| Exercise |
Please, from the entries below, transcribe exactly the lines that begin at the line with "Lima Hal Menarik" and end at the line with "Gros plan d'un", without the pictures.

| Supplied data |
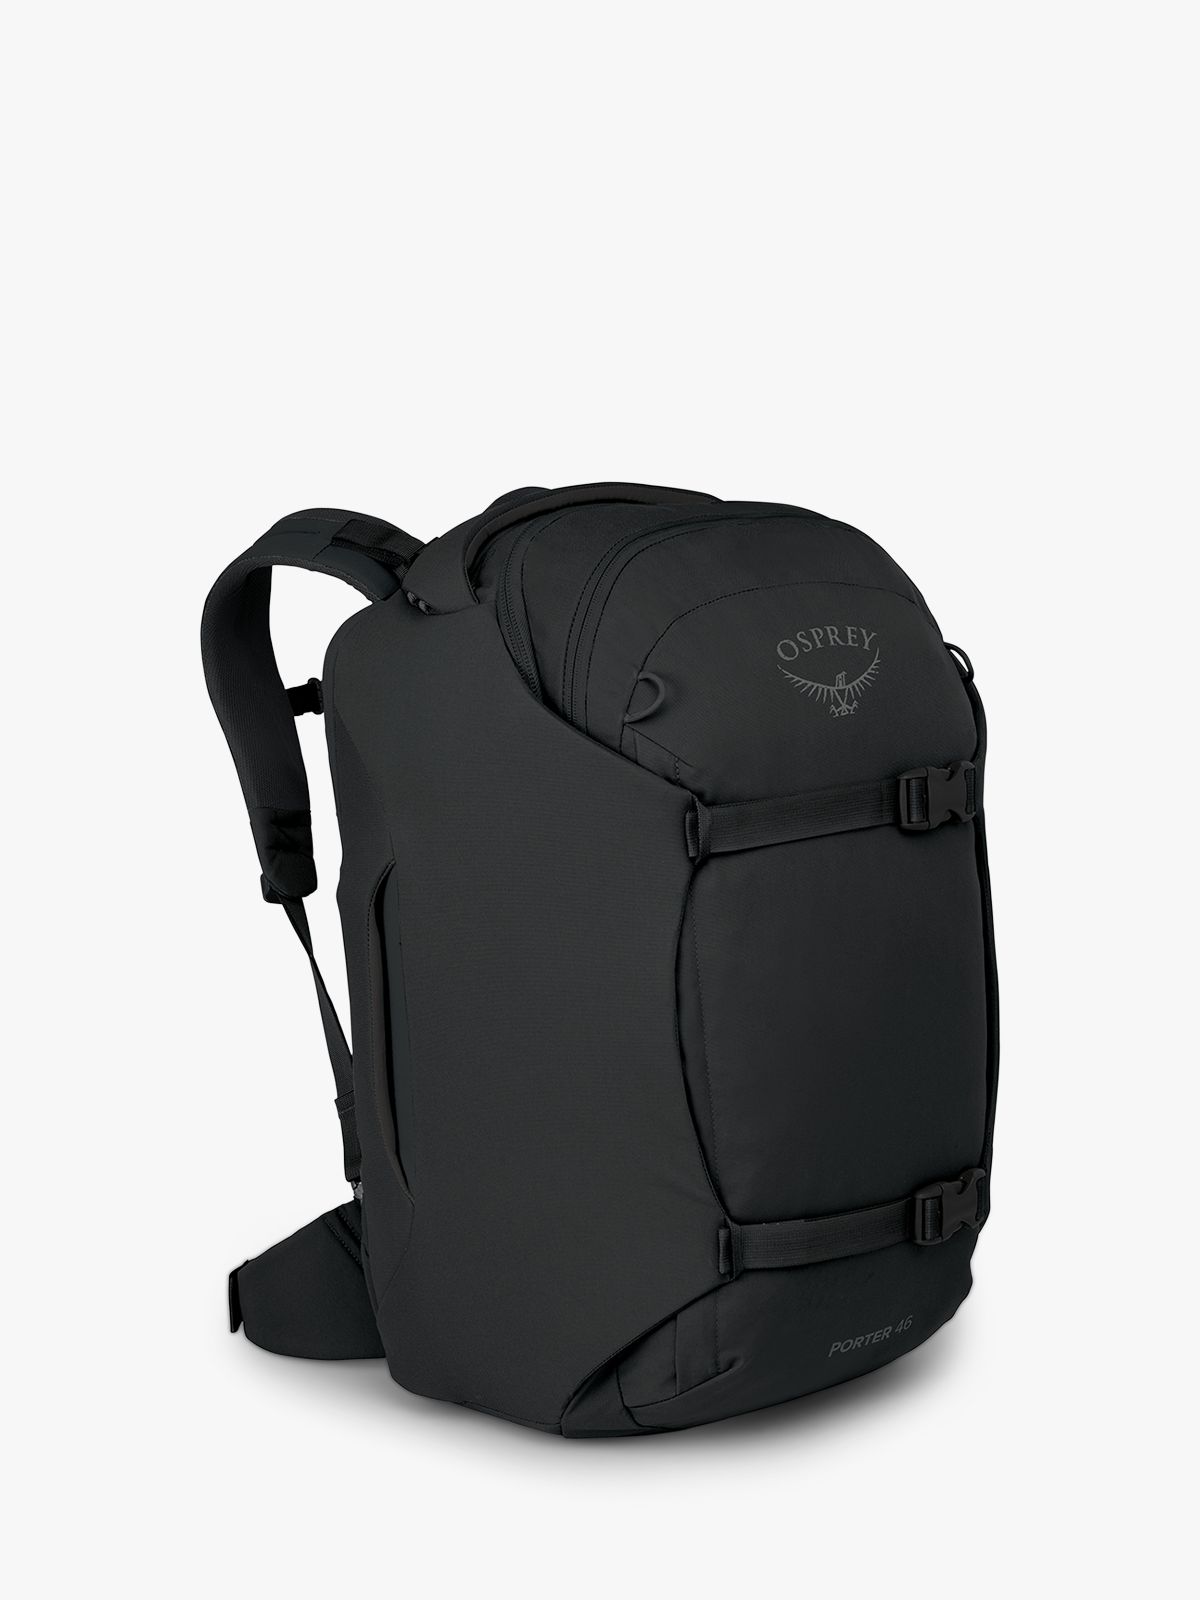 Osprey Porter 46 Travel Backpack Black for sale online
* * *
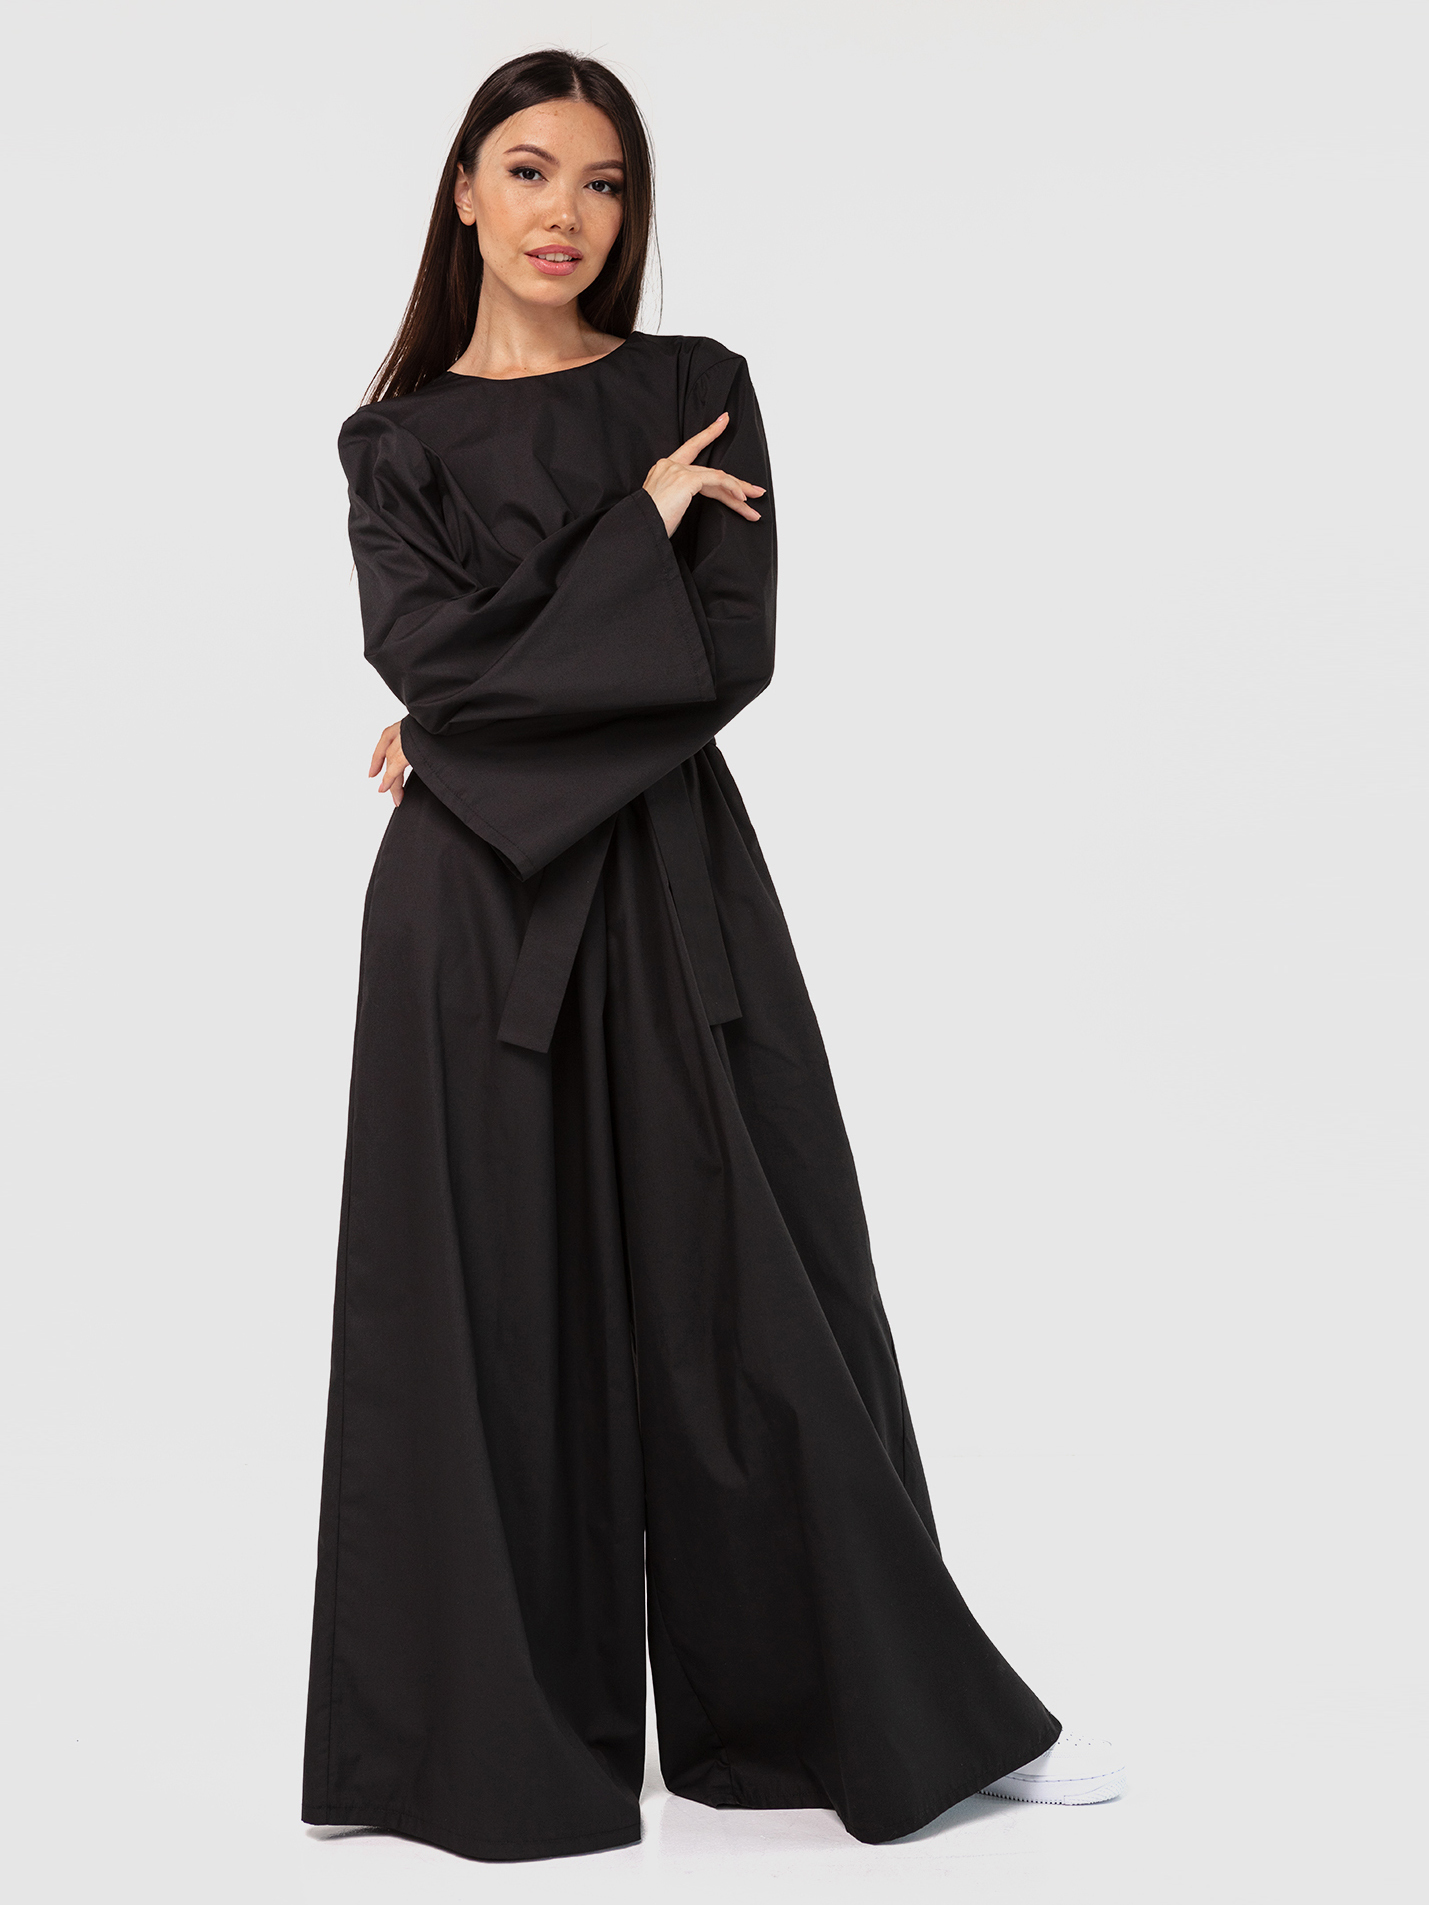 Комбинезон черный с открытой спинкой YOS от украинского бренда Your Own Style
* * *
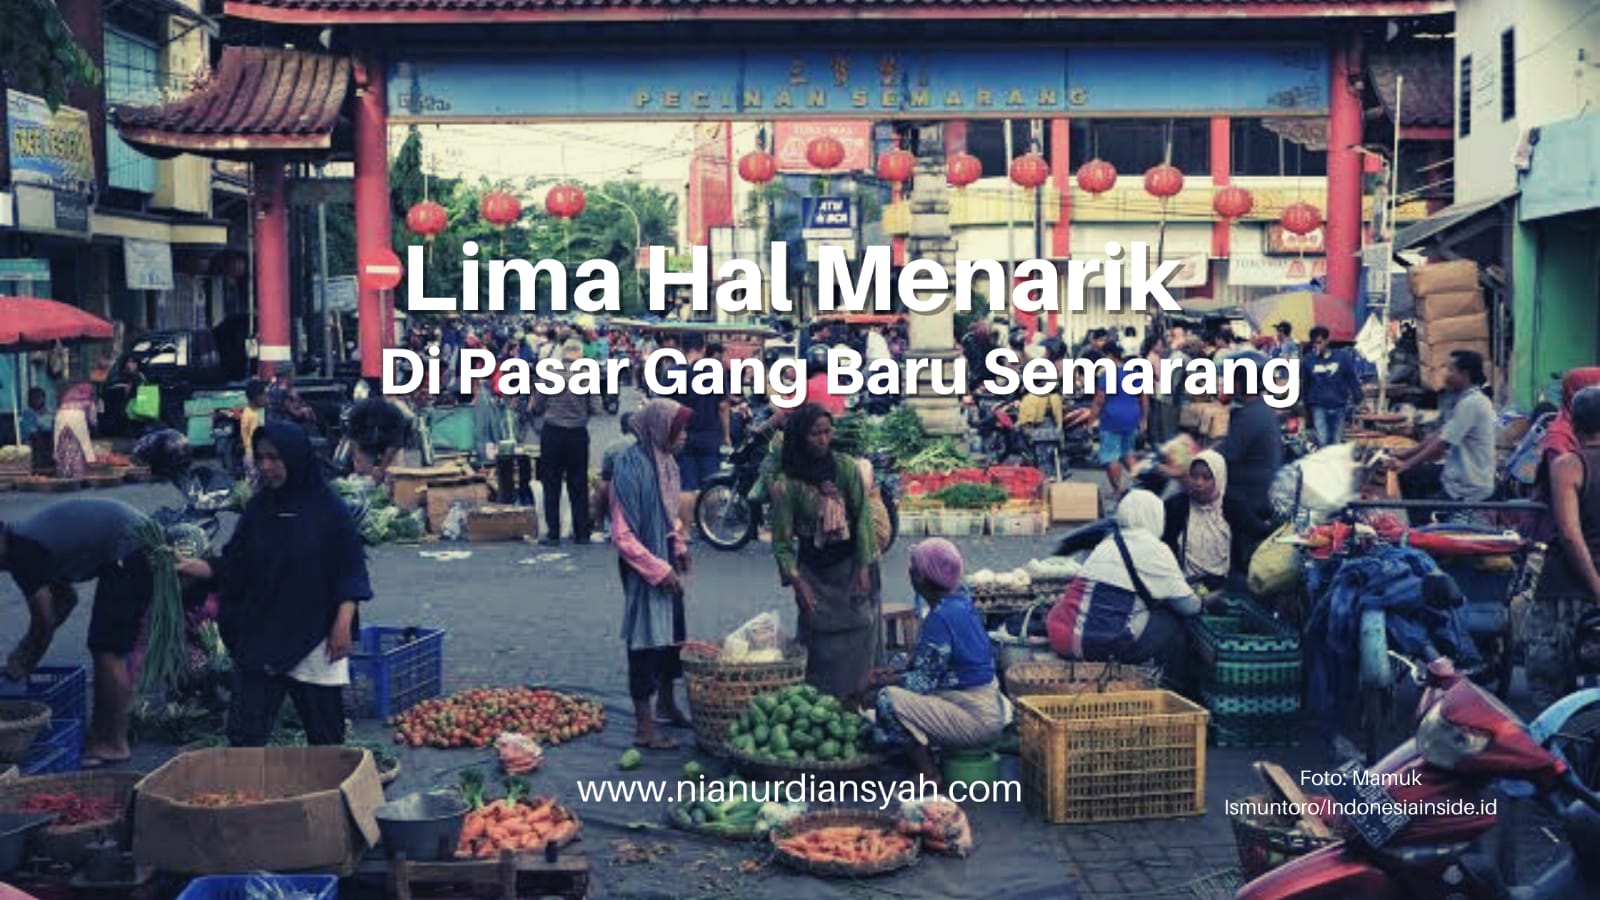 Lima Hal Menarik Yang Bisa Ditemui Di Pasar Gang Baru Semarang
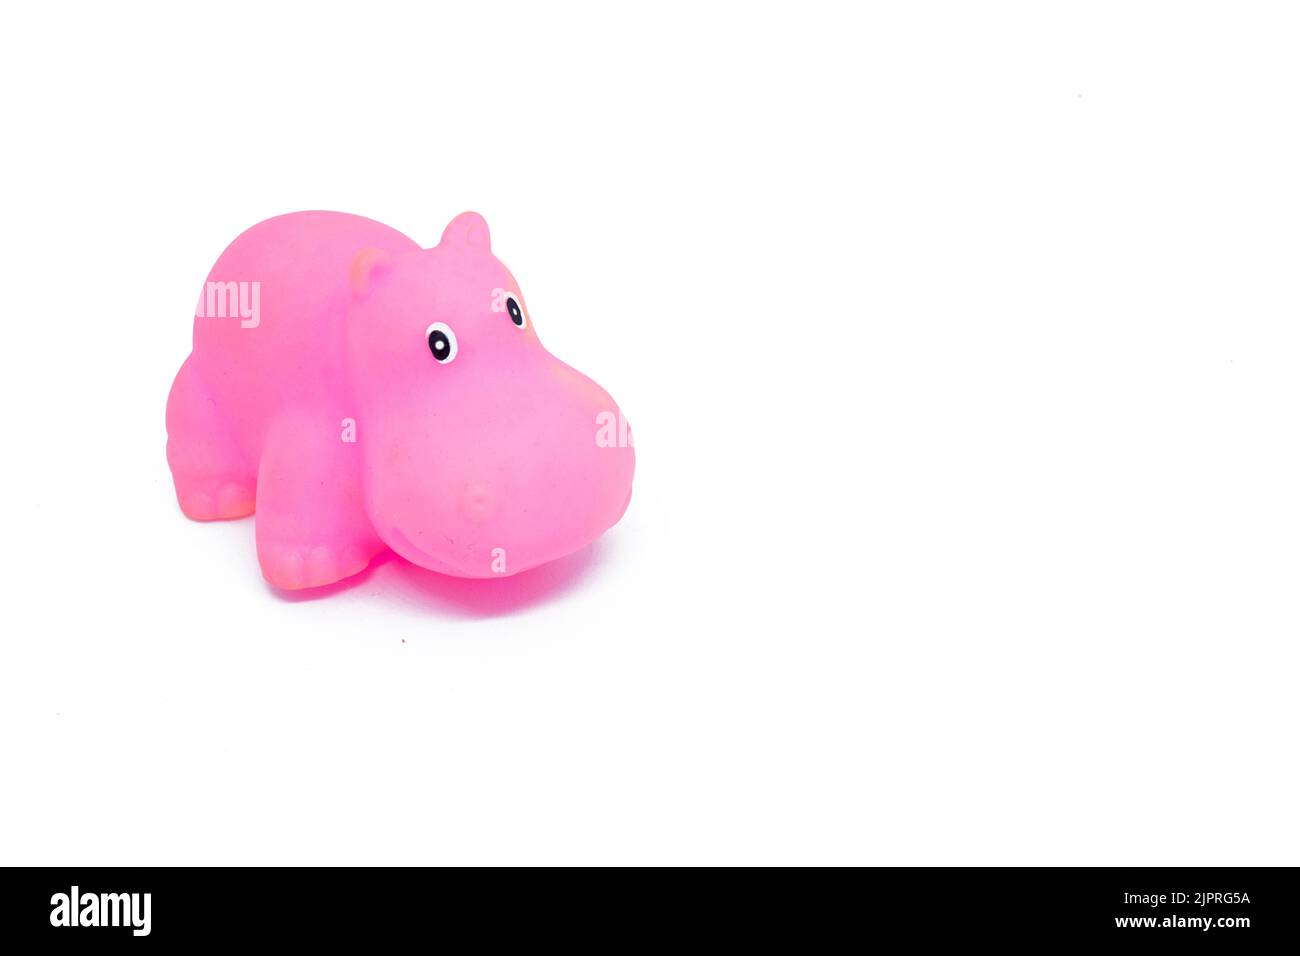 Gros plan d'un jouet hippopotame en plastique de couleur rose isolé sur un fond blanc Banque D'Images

| Response to the exercise |
 Lima Hal Menarik Yang Bisa Ditemui Di Pasar Gang Baru Semarang
 Gros plan d'un jouet hippopotame en plastique de couleur rose isolé sur un fond blanc Banque D'Images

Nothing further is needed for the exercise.